Research have increasingly shown that silicon is an extremely necessary trace mineral for the human body. Silicon is necessary for the correct and efficient formation of collagen which is the main component of connective tissue. Furthermore, it seems play a key role in the formation and growth of bones and directs the body where to deposit minerals as well as helps with depositing them. Silicon is also necessary for a good health of skin, teeth, hair, and nails. Also, research has shown that extra doses of silica can be preventive for osteoporosis in women. Finally, silicon can help the body rid itself of accumulated aluminium which can cause symptoms similar to that of Alzheimer disease and dementia.

12. Company Mission:

To utilise waste from geothermal production to create a sustainable environment.

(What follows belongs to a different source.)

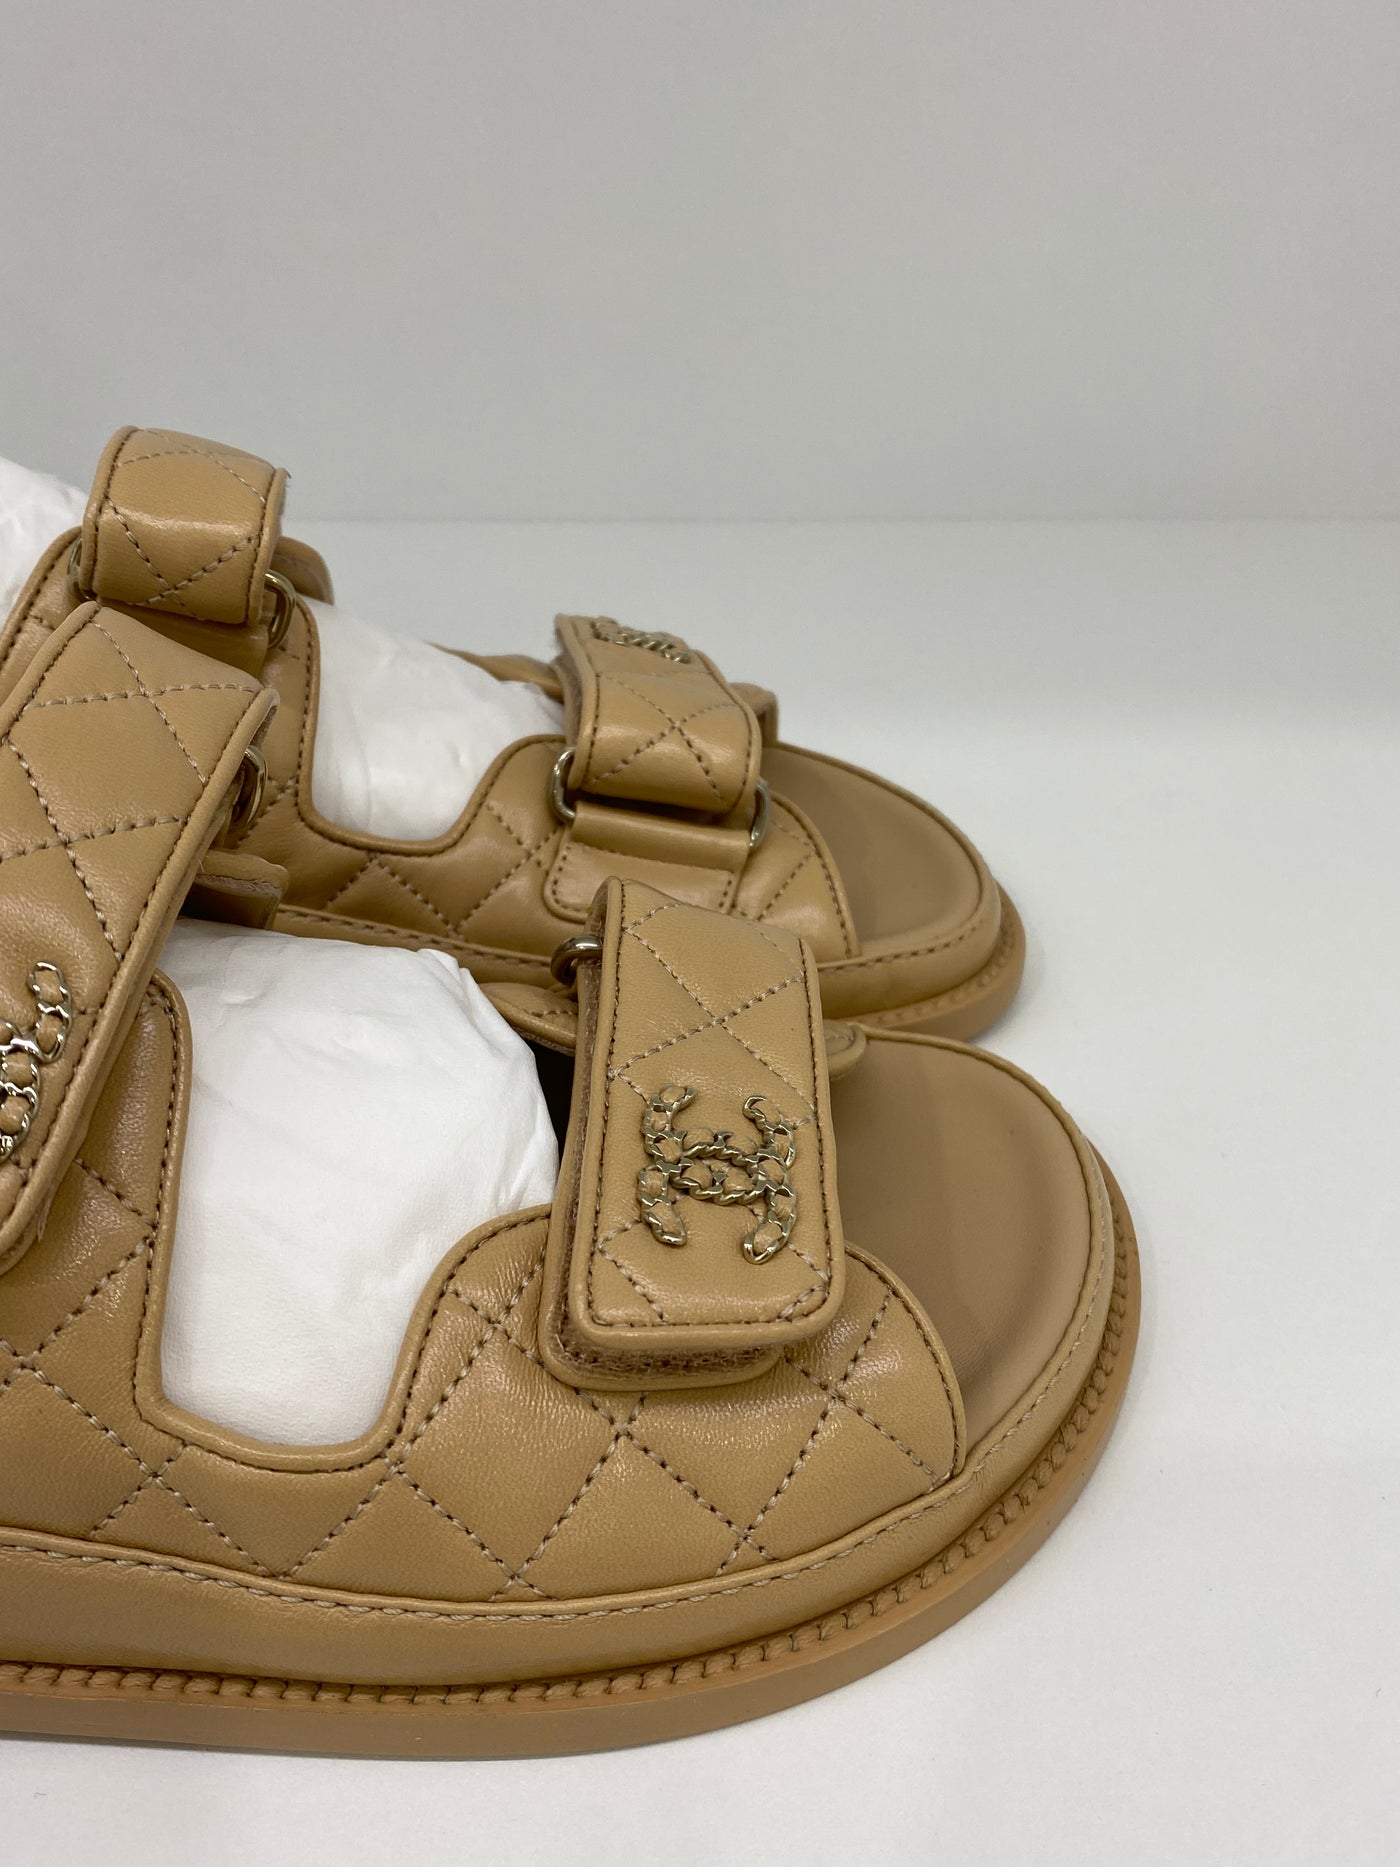 Chanel Dad Sandals Beige Size 37.5

13. Description of social / environmental mission: As per 12.

14. Would you call yourself a social entrepreneur or social enterprise? Yes.

They are based in the old US navy base in Keflavik. This area has low employment opportunities. GeoSilica would like to create jobs for the local community in Reykjanesbær as well as they make great effort in doing business and shopping for what they need in their community, rather than going elsewhere. They aim to have 20 employees from the local area by 2016.

They have worked in co-operation with Reykjavik University and the University of Iceland where students have been offered to do projects for geoSilica and receive credit instead from their school, this is something that geoSilica considers important; giving the students skills in a work and business environment.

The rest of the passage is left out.